От всех, с кем у меня устанавливалась какая-нибудь близость, привыкла я получать при встрече подтверждение, что мне рады. Всегда было это для меня важно, поддерживая мое собственное расположение к ним. И, встретив на следующий день со стороны Эмеренц полнейшее равнодушие, я была глубоко уязвлена именно в этом, естественном, а не каком-либо тщеславном ожидании ответного чувства.

После той нереальной почти ночи, которую провела Эмеренц подле меня, приоткрыв свое далекое детское «я», все мои волнения и тревоги улеглись, и я уснула под утро в полной уверенности, что все будет в порядке, ни на минуту не сомневаясь в благополучном исходе операции. Прежде словно какая-то пелена окутывала ее прошлое, все ее существо. Теперь предстала она в ярком блеске молний над колодезным журавлем, возле обугленных трупиков, одна посреди дикой степи на фоне клубящихся туч – и вся натянутость, напряженность меж нами разрядилась сама собой. Я ощутила ее не чуждой, а близкой себе, настоящим другом.

Но ни в квартире при моем пробуждении, ни на улице, когда я отправилась в больницу, ее не было, хотя заснеженный тротуар перед воротами был расчищен: явно ее работа. «Пошла мести у других», – сказала я себе в ее оправдание, приехав без тени прежнего гложущего беспокойства, уверенная, что меня ждут добрые вести. Так оно и вышло. В больнице оставалась я до полудня, вернулась проголодавшаяся и в твердом убеждении, что наверняка застану Эмеренц: сидит небось, изнывая от нетерпения. Не тут-то было. И мной овладело то острое разочарование, которое охватывает, когда являешься с радостным или роковым известием и натыкаешься на абсолютное безразличие. Вот когда, наверное, у нашего предка-неандертальца впервые комок подкатил к горлу: когда он, притащив убитого зубра, обнаружил, что не с кем поделиться этим триумфом: ни раны свои, ни добычу некому показать. Квартира была пуста. Не в силах поверить, что в такой день, не зная, жив мой муж или умер, Эмеренц может находиться еще где-то (да и снег к тому времени прошел, ничто ее на улице не держало), я заглянула туда-сюда, позвала несколько раз… но ее нигде не было. Всякий аппетит у меня пропал.

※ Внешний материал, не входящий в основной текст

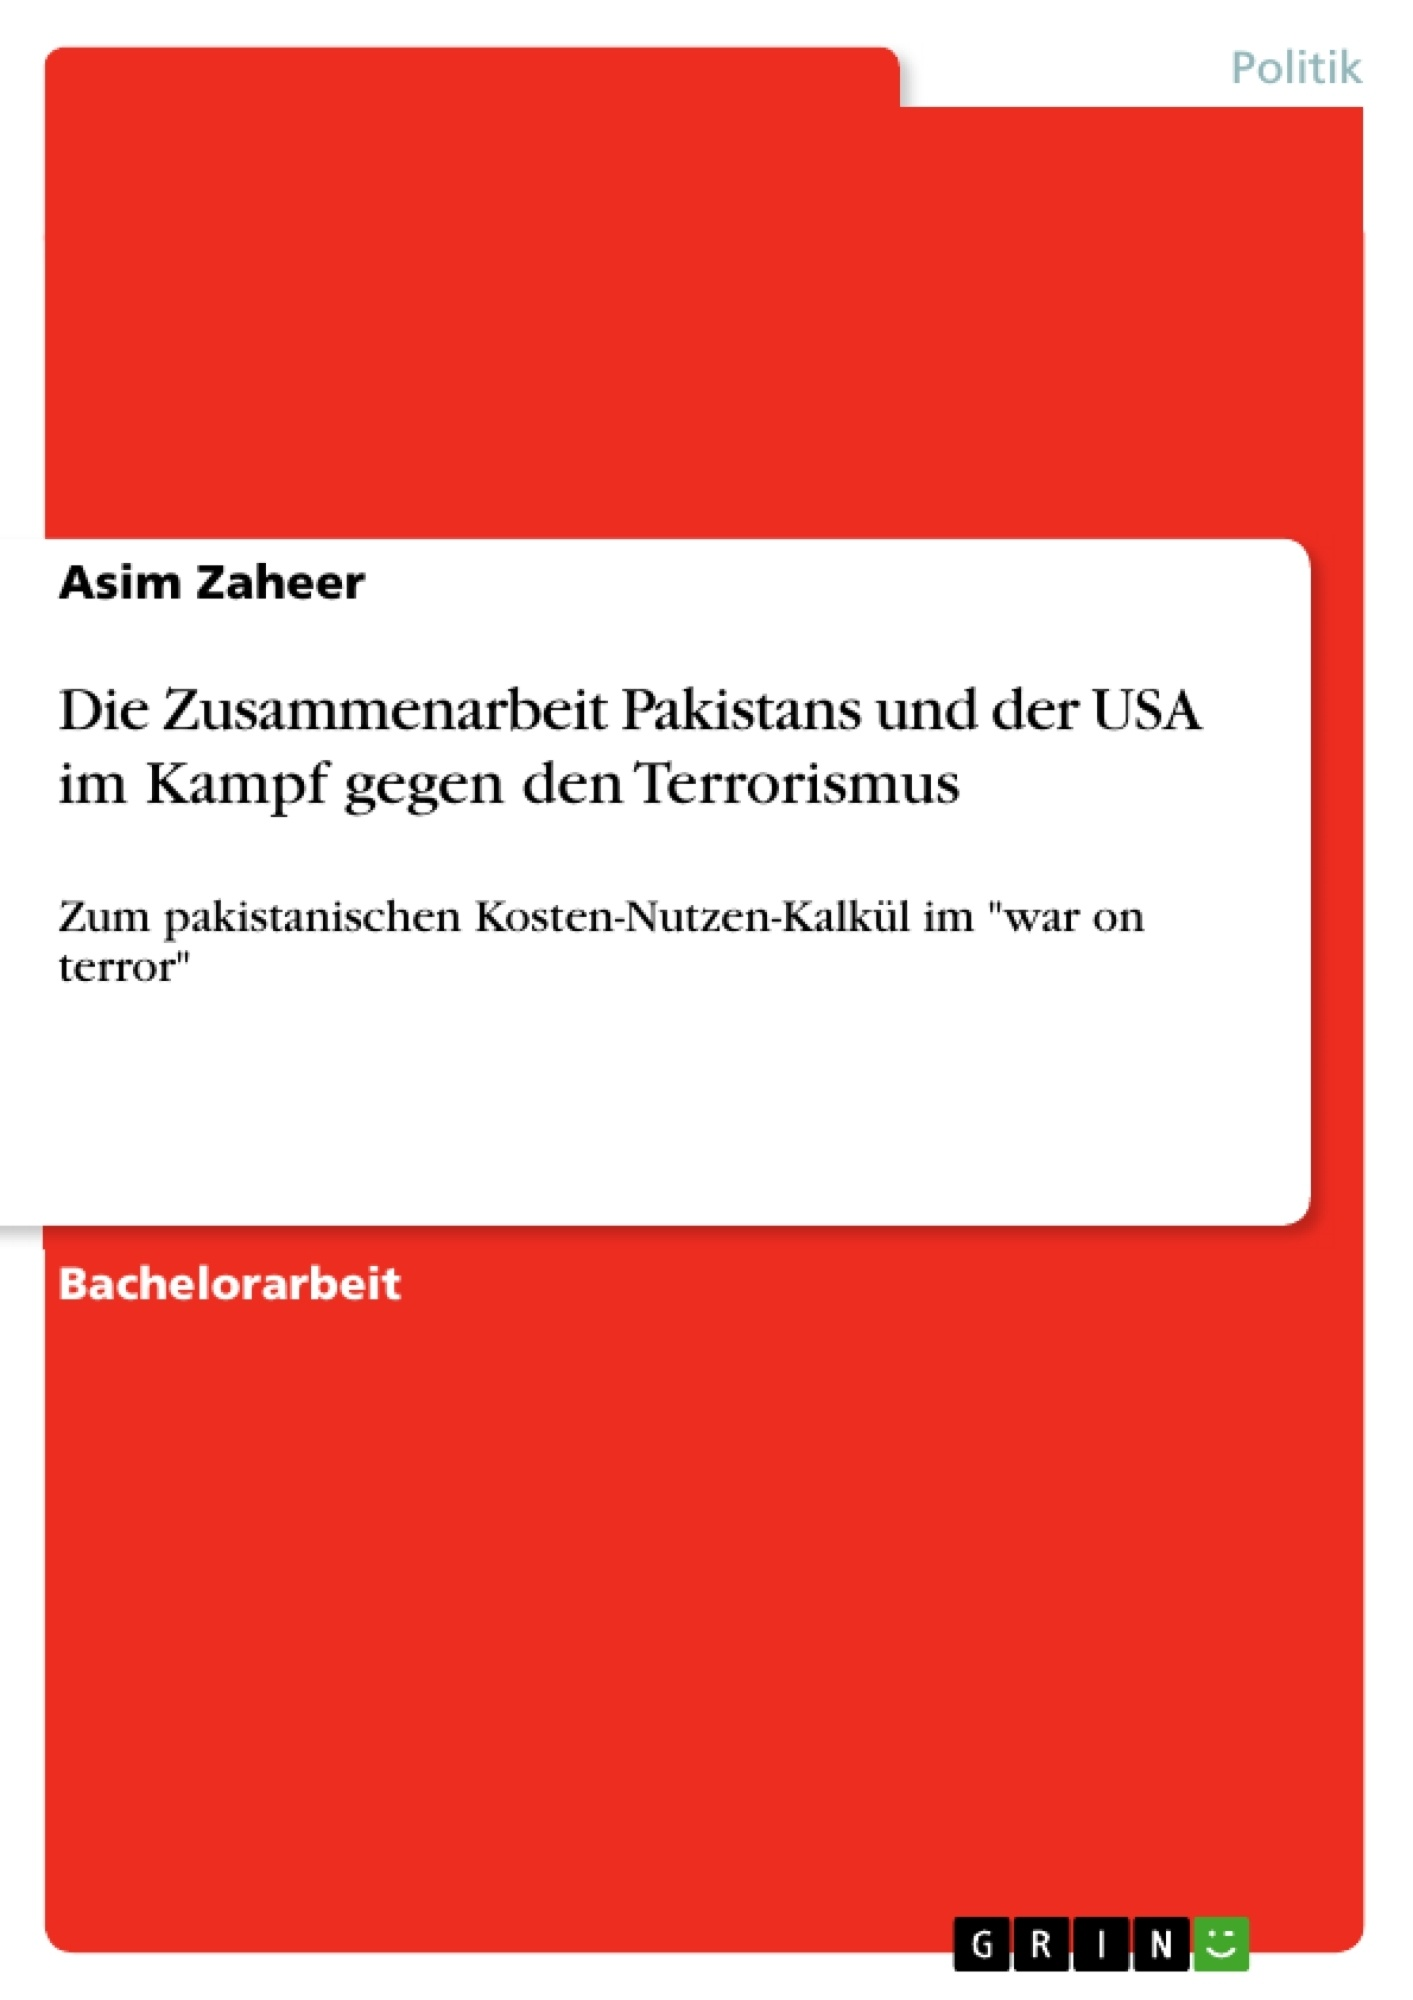 Titel: Die Zusammenarbeit Pakistans und der USA im Kampf gegen den Terrorismus

Нехотя стала я разогревать обед. Логически рассуждая, никакого права ожидать от нее столь многого я не имела, но не все же поддается логическому истолкованию – в том числе и такое вот чувство обманутых ожиданий, зияющей пустоты. В то утро Эмеренц, видимо, вообще не убиралась; даже скинутое мной байковое одеяльце так и осталось валяться скомканное на кушетке. Я привела все в порядок, вымыла посуду и опять направилась в больницу – за новыми хорошими вестями. Обретенная вновь внутренняя уверенность вернула мне твердость. «Ничего ей не скажу из того, что узнала у врачей, – решила я. – Зачем навязываться? Мои дела ее явно не интересуют. И где гарантия, что все рассказанное ею этой бредовой ночью после глинтвейна – правда. Уж слишком невероятно все, прямо какая-то фольклорная баллада в прозе. Вообще, что это я: Эмеренц да Эмеренц, совсем ненормальной надо быть, чтобы только о ней и думать».

Явилась она лишь поздно вечером, сообщив, что, может быть, и завтра убраться не успеет, снег, того гляди, опять повалит, ну да наверстает потом; хозяину-то лучше небось?.. И сводку погоды, и вопрос этот я оставила без ответа, демонстративно перелистывая книгу. Потом сказала: да, ему лучше, спасибо, можете идти. И Эмеренц, пожелав спокойной ночи, тотчас удалилась. Даже оставленную на кухне пустую кефирную бутылку не потрудилась снести за меня в мусорный бак и печку не затопила. Словно и не было никаких рассказов и глинтвейнов. Только через два дня снова объявилась – и тогда уж убралась основательно, не справляясь больше о «хозяине»: полагая, вероятно, что поправляется. Не любила лишних расспросов.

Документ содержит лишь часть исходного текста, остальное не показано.